336 • From our own correspondent

Still holed up, in Azerbaijan,
With two dancing girls, in a barn:
The damn paparazzi
Are all over Patsy
But Patsy is all over Sîan.

War … what is it good for? Macho glory, seedy glamour, the licentious liberation that often accompanies mortal fear? The present bulletin is unhelpful. Quite how the particular situation arose we are not informed, despite the media presence. All we are offered is some needlessly intrusive detail about a putative relationship between the two dancing girls … something which is, in all probability, being faked in order to deflect the prurient and/or predatory attentions of Our Own Correspondent.

164 • Meet the team (18)

164 • Meet the team (18)

And lastly, your mentor, Bob Cratchit,
Whose cloak is encrusted with bat-shit.
A pipistrelle lurks
Near the desk where he works:
How he longs for the leisure to catch it!

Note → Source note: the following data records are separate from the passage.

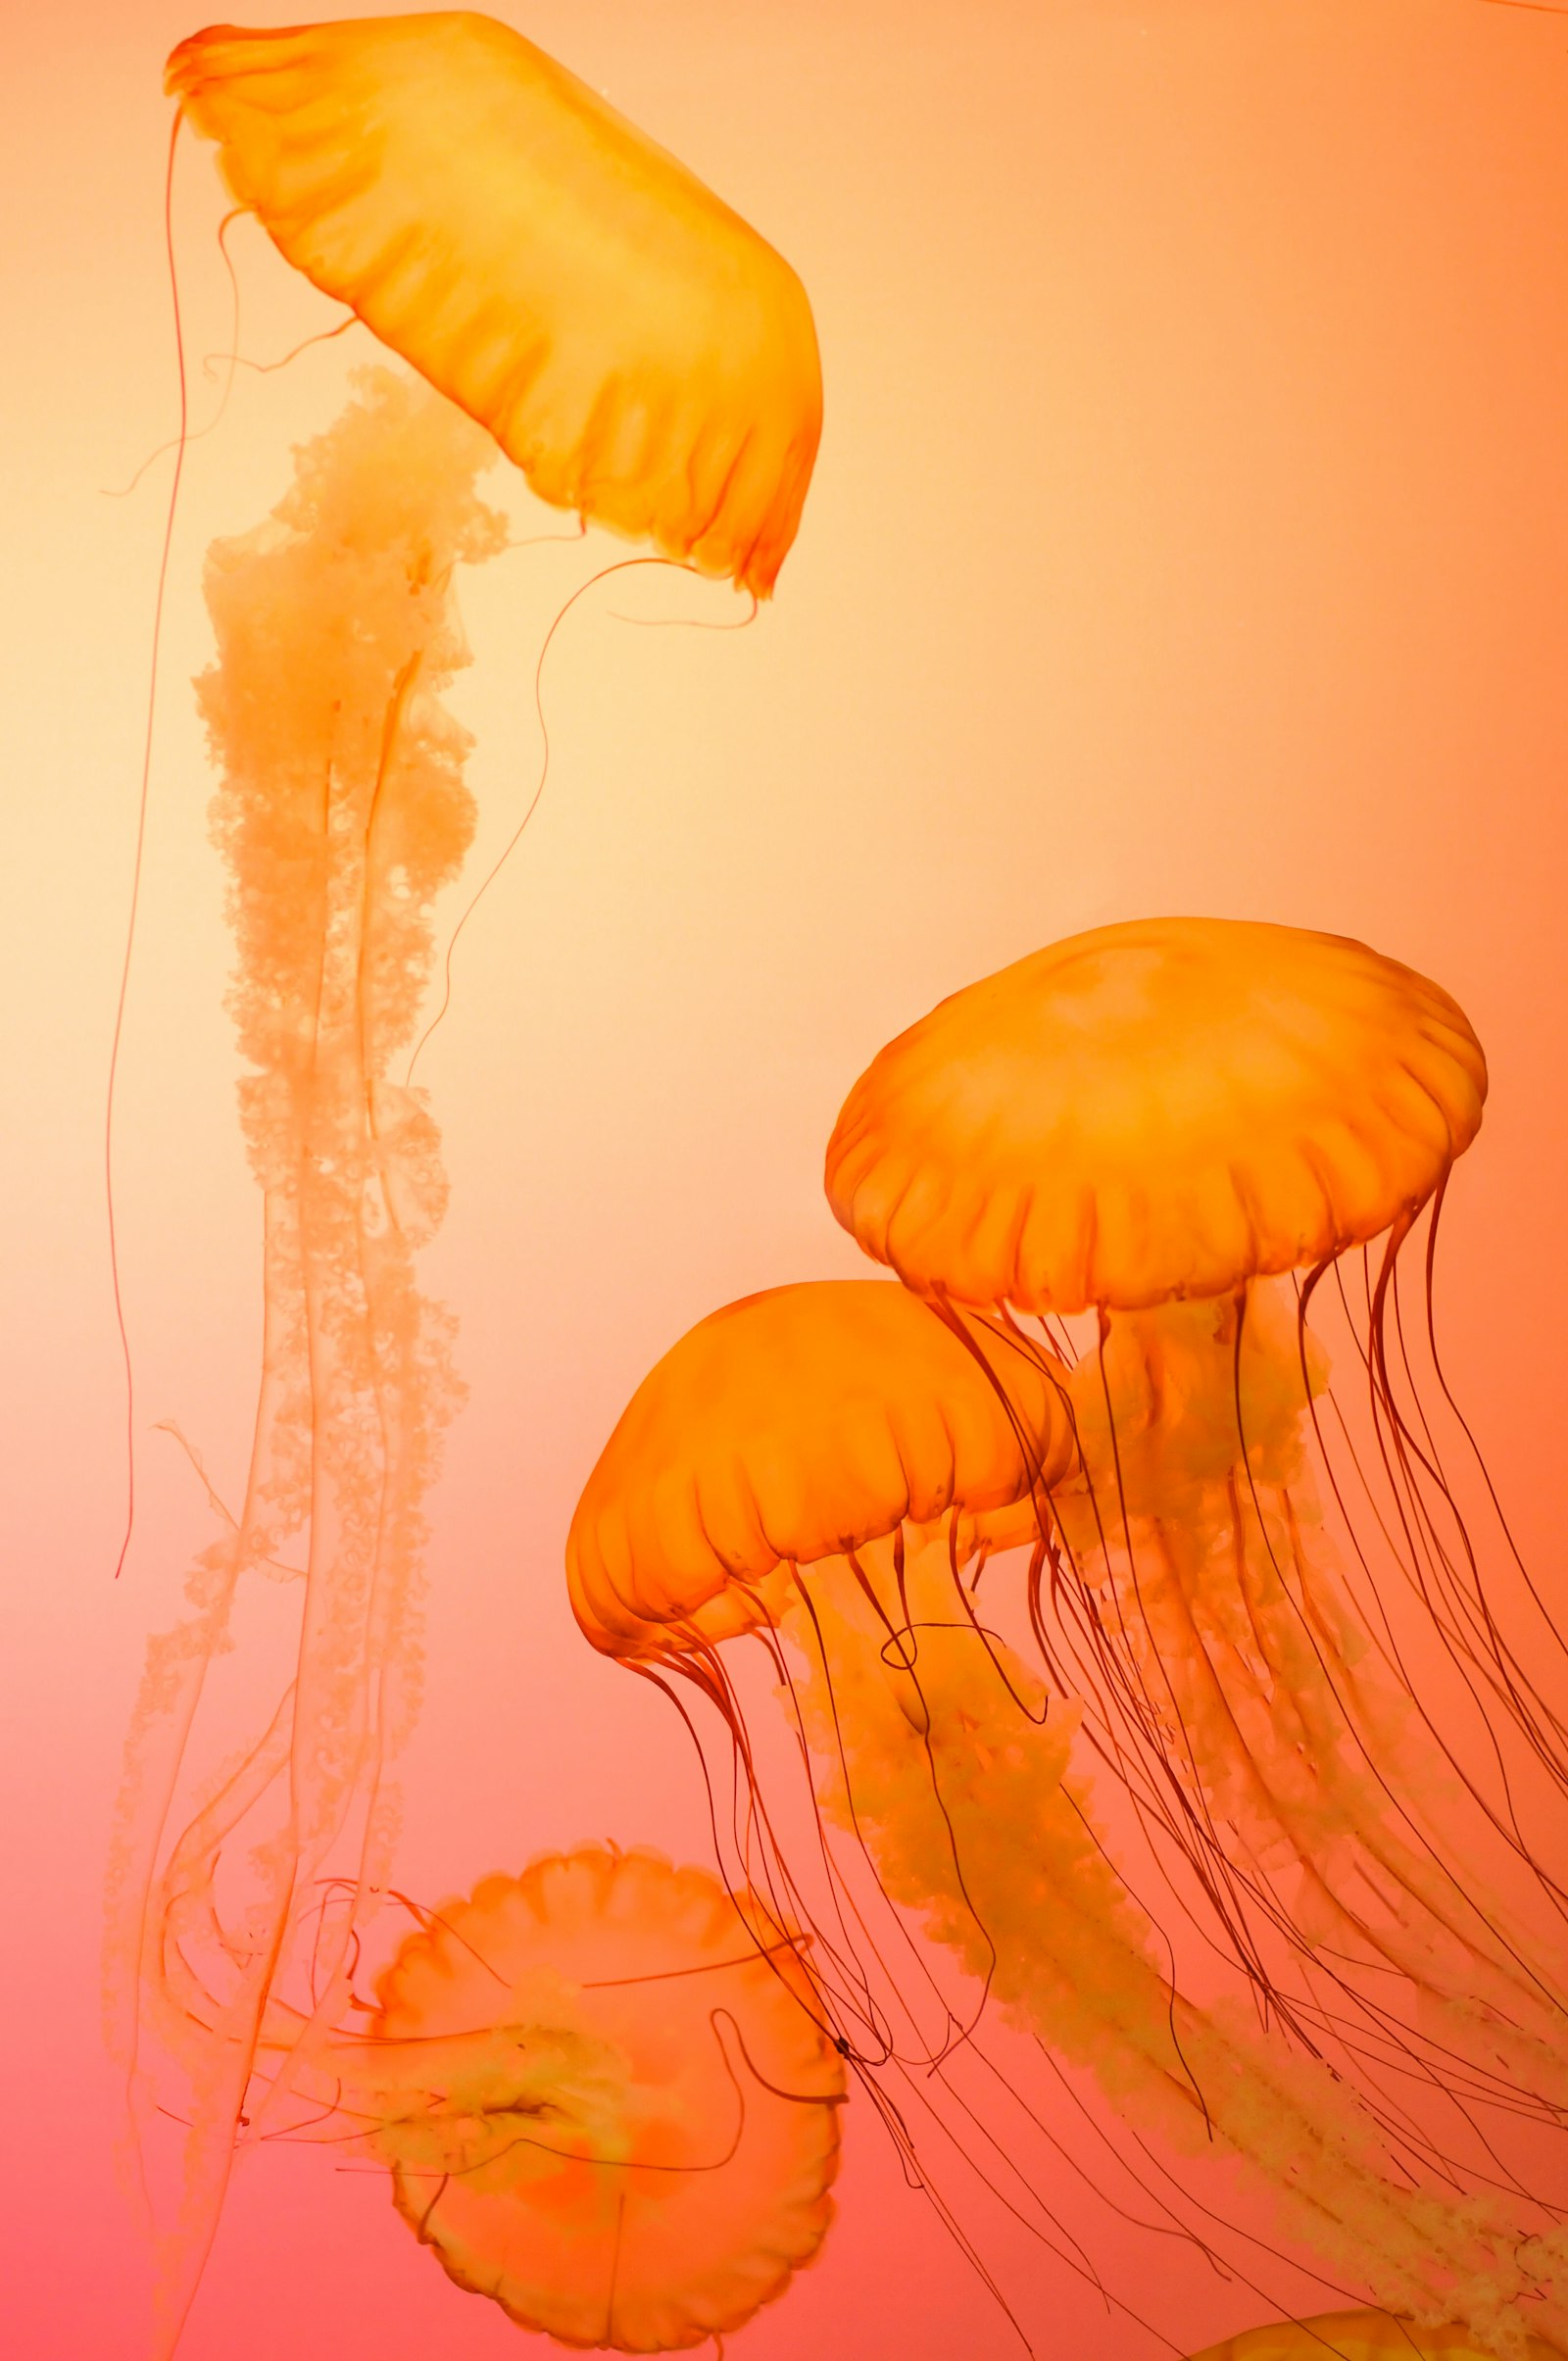 Nikon AF Nikkor 50mm F1.4D sample photo. Four orange jellyfish photography
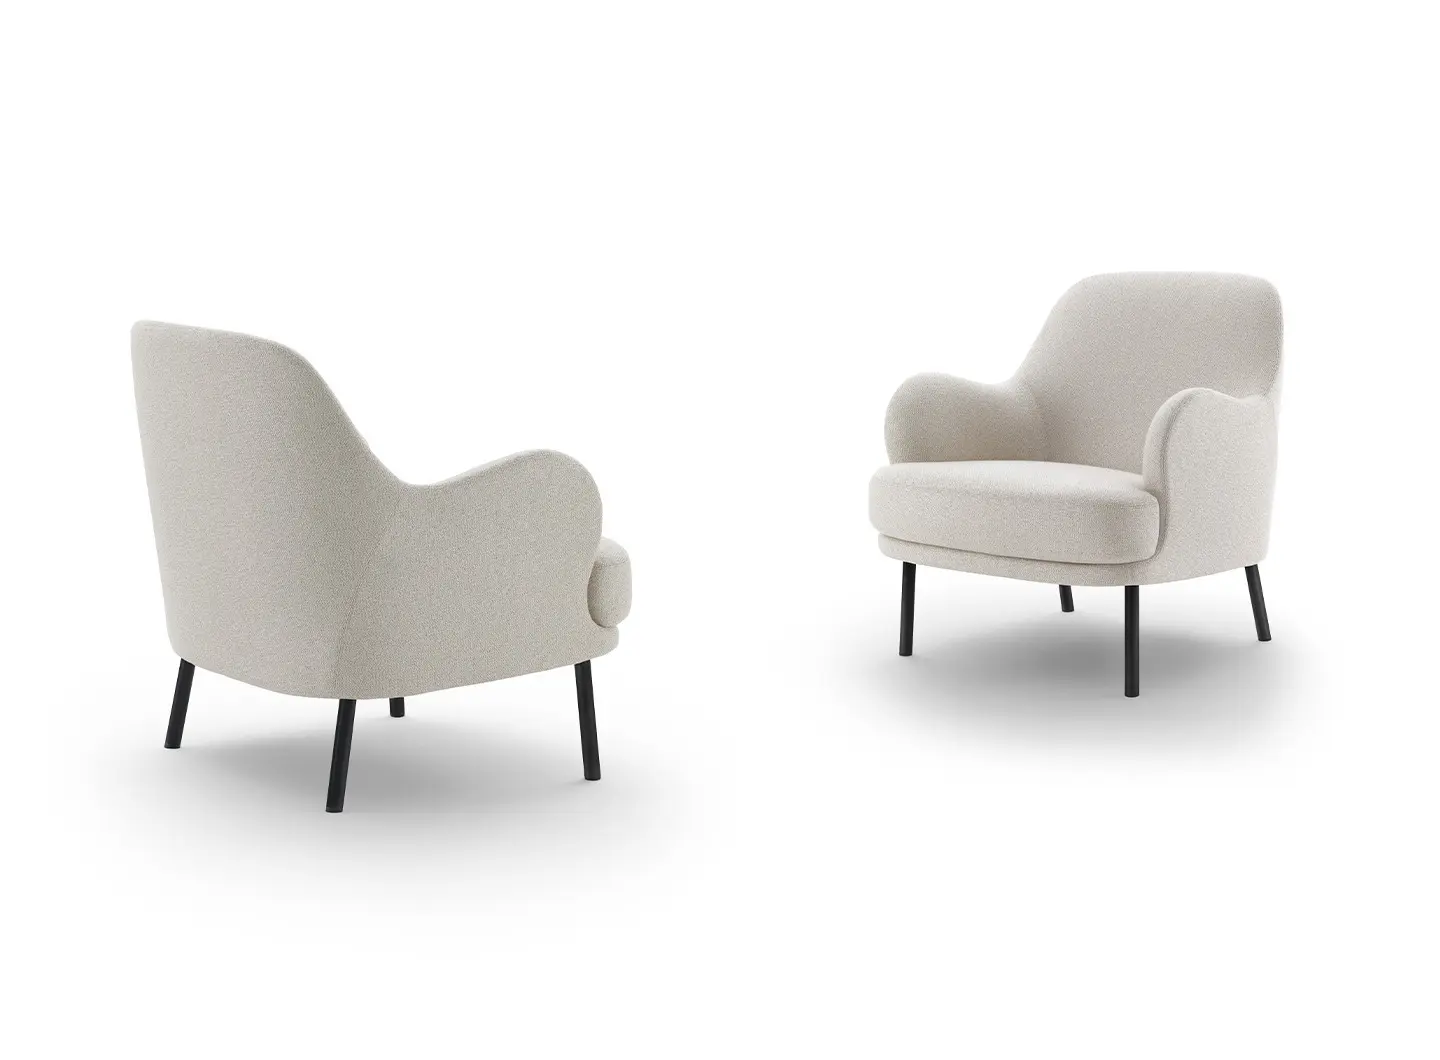 Brigitte armchair design Claesson Koivisto Rune
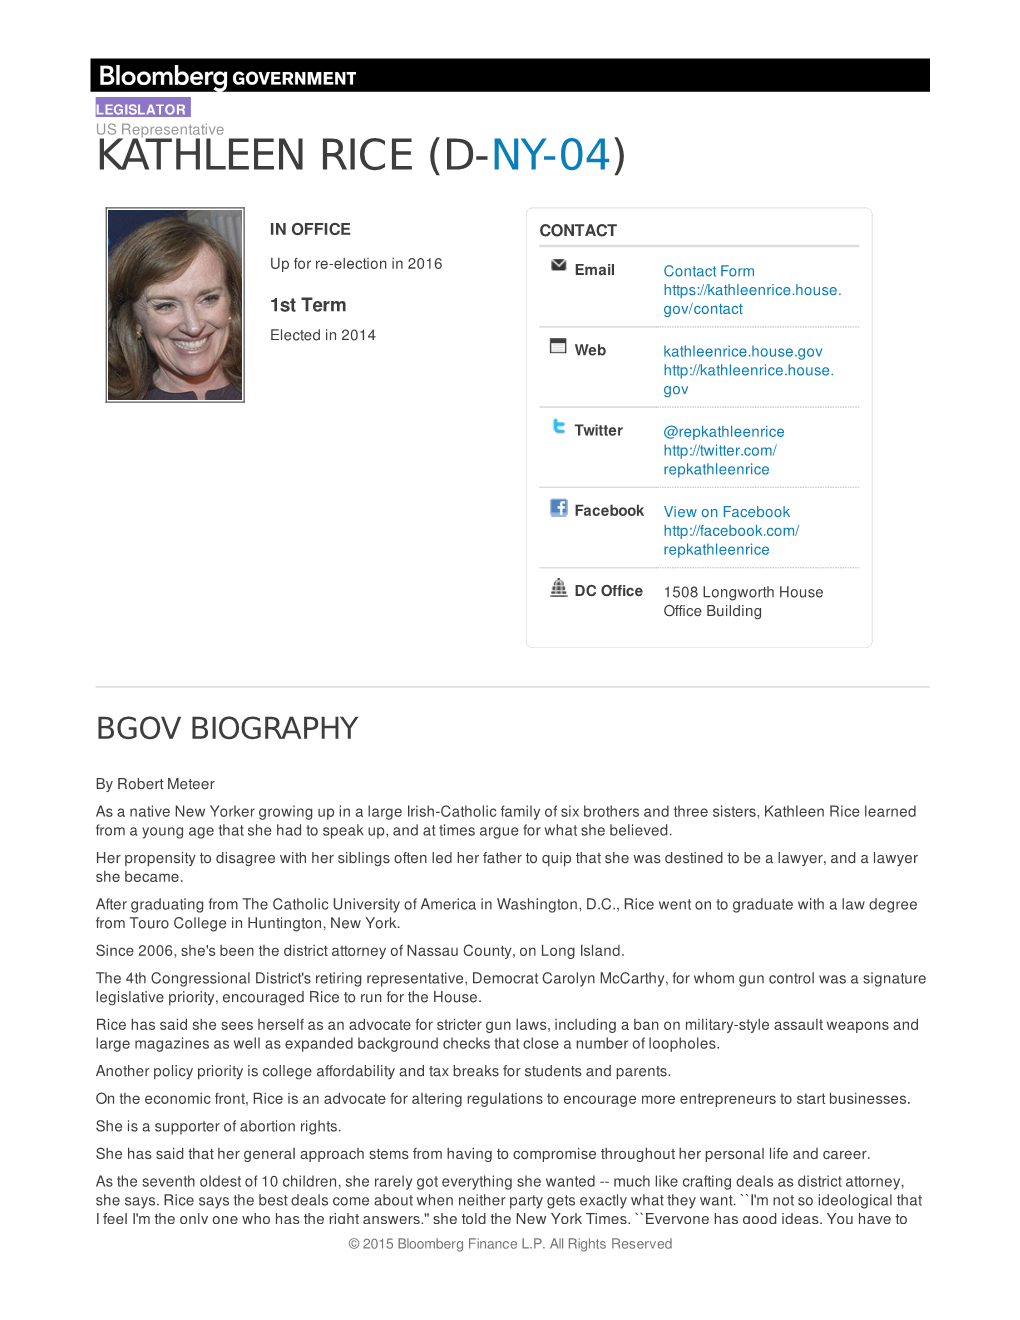 Kathleen Rice (D-Ny-04)

How useful, to be finally introduced to one’s office mentor on the very day one hands in one’s notice. The repulsive colleague one has taken such pains to avoid turns out to be the very person who has supposedly been looking after one’s interests all along. Relieved of my care, perhaps he will now have free time to catch the Corvid-carrier that haunts him like a familiar.

160 • Meet the team (16)

160 • Meet the team (16)

Look out for our caretaker, Ken,
And his heavily-hybridised hen:
With its modified beak
It can actually speak
Though not in the language of men.

In any business the janitor – or similar dogsbody – may prove the most interesting and innovative of thinkers. Unfettered by ambition, untainted by rivalry, he or she is free – like a Shakespearean Fool – to defy norms, and provide a foil to institutional formality through the creative quirks of an idiosyncratic mind.

157 • Meet the team (15)

157 • Meet the team (15)

You may glimpse our Owner, Sir Harold,
In tweedy tuxedo apparelled:
His wife is a Dame,
With a stupid long name,
And his heirs are all quadruple-barrelled.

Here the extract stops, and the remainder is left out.